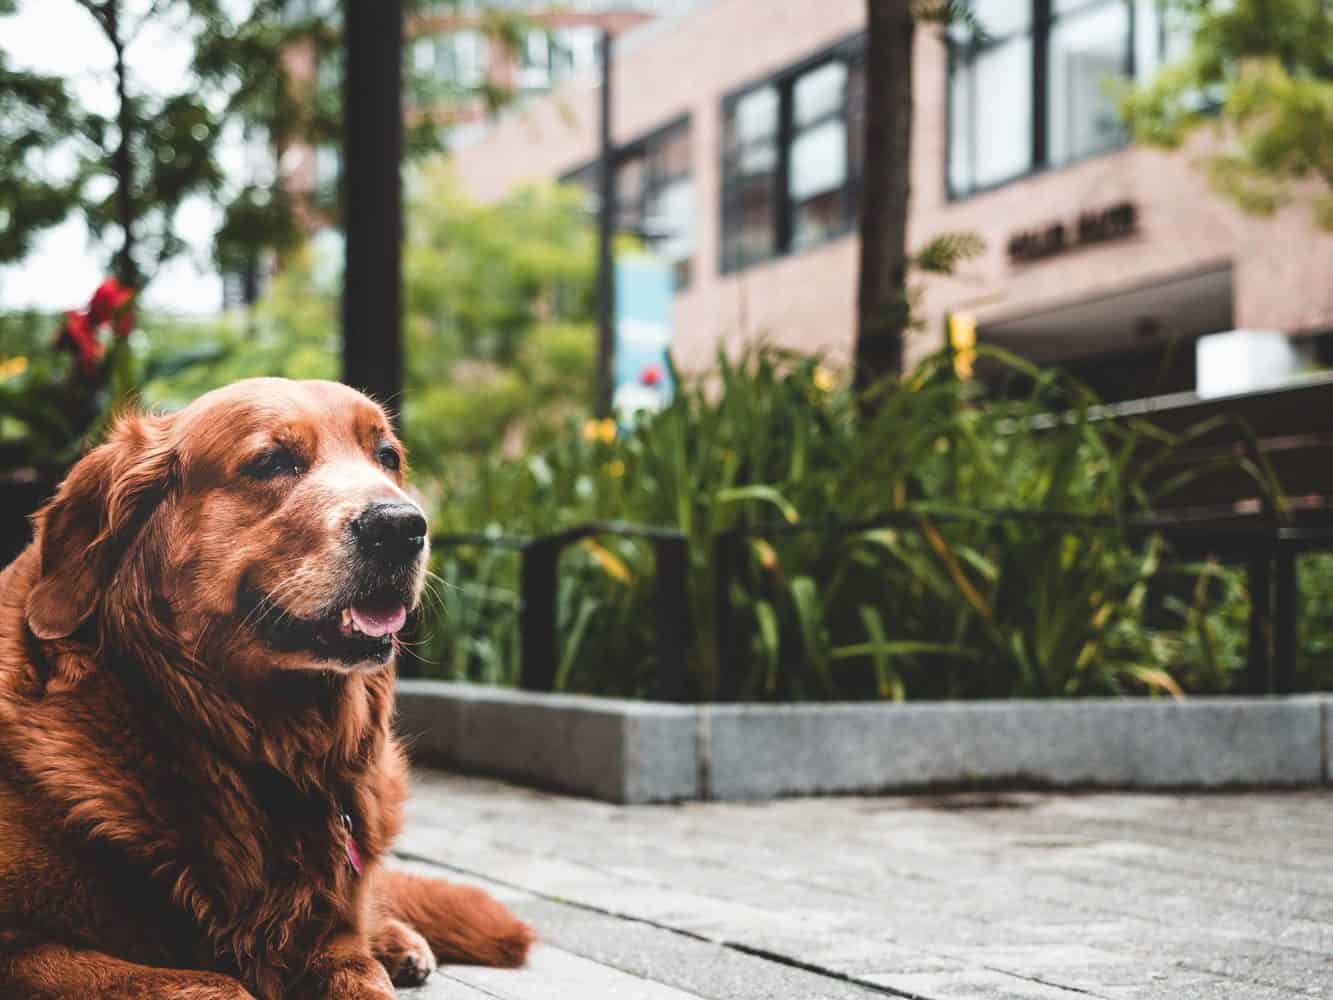 Can dogs get dementia?
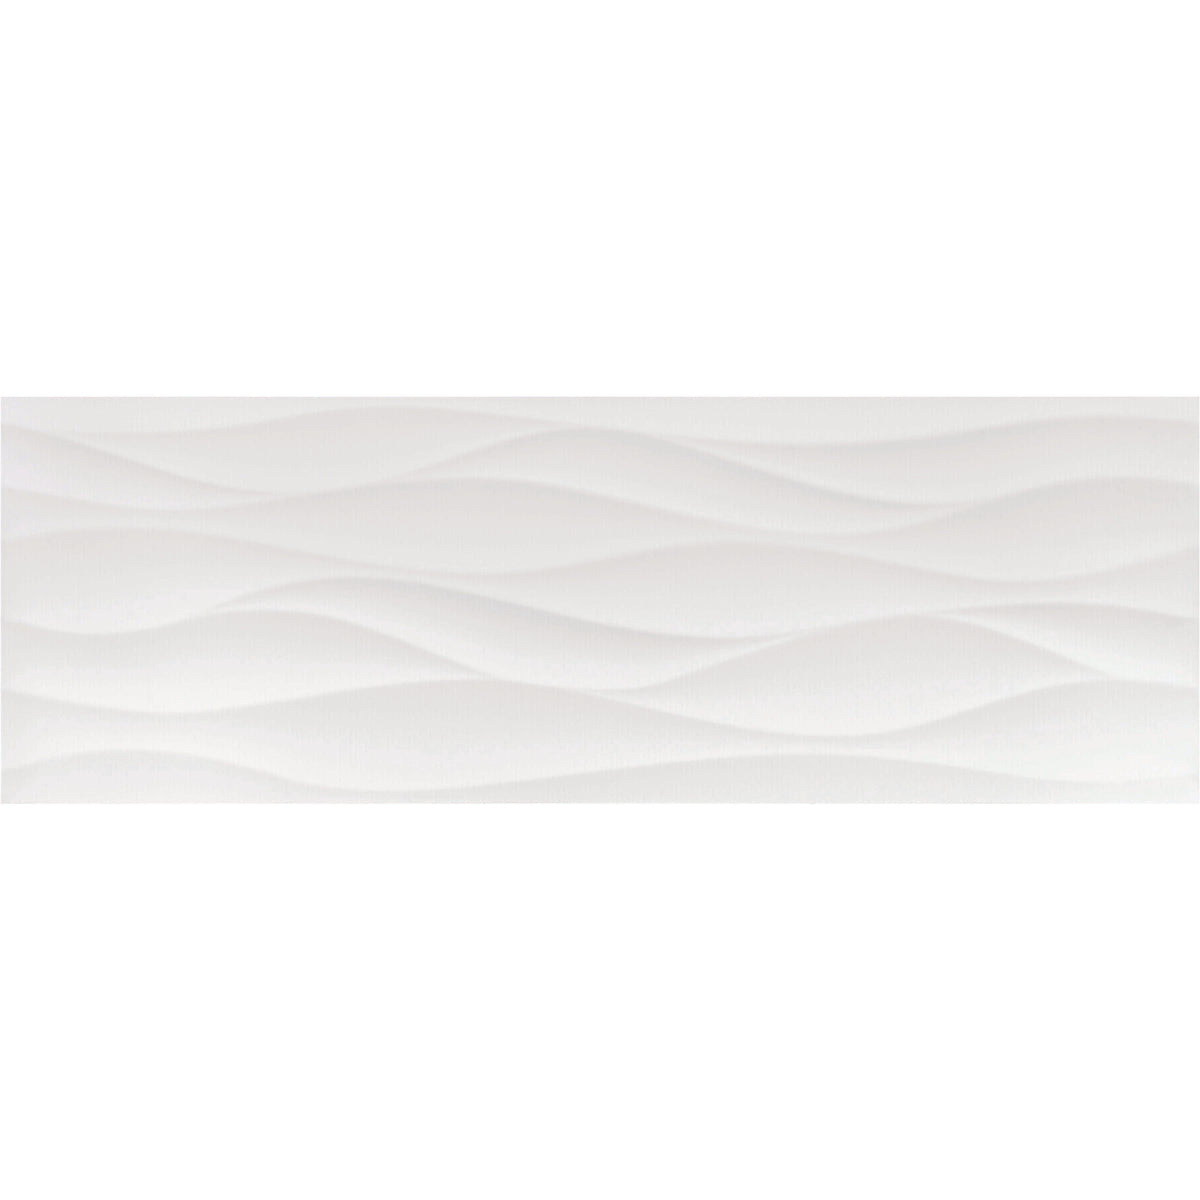 Daltile - Aesthetic - 12 in. x 36 in. Glazed Ceramic Wall Tile - Frequency
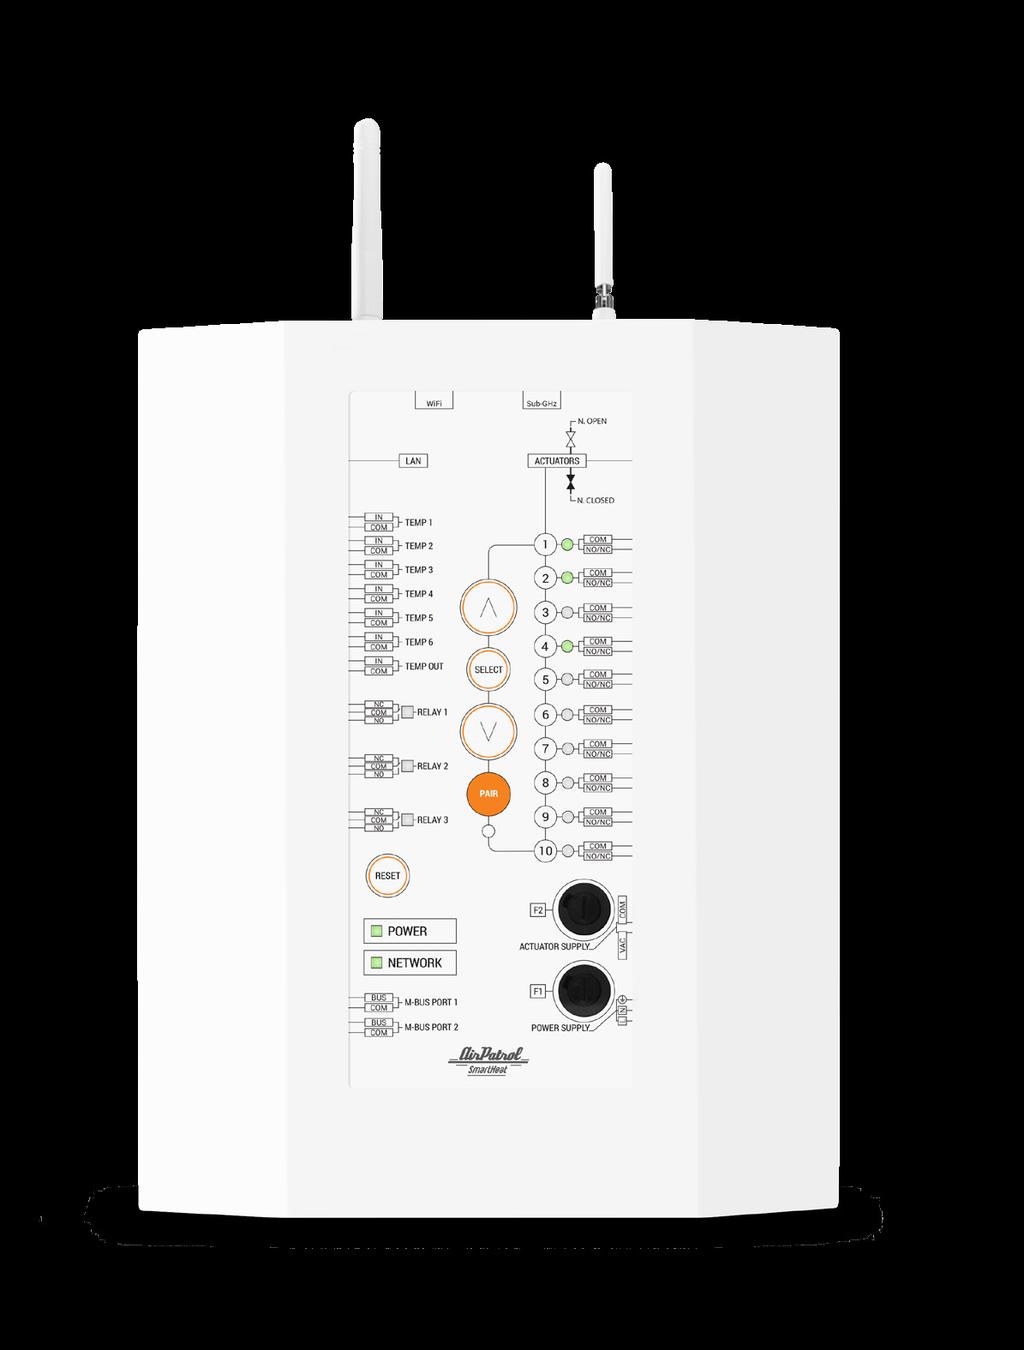 SMARTHEAT ALL-IN-ONE CONTROLUNIT Creates THE smartest heating system Wiring Center, Gateway, Relays, Temperature Sensors, M-Bus Connections ControlUnit is at the center of AirPatrol SmartHeat system.
───
The response should reproduce all the material above exactly and leave out its pictures.

(RESPONSE BELOW)
 Can dogs get dementia?
 Daltile - Aesthetic - 12 in. x 36 in. Glazed Ceramic Wall Tile - Frequency
 SMARTHEAT ALL-IN-ONE CONTROLUNIT Creates THE smartest heating system Wiring Center, Gateway, Relays, Temperature Sensors, M-Bus Connections ControlUnit is at the center of AirPatrol SmartHeat system.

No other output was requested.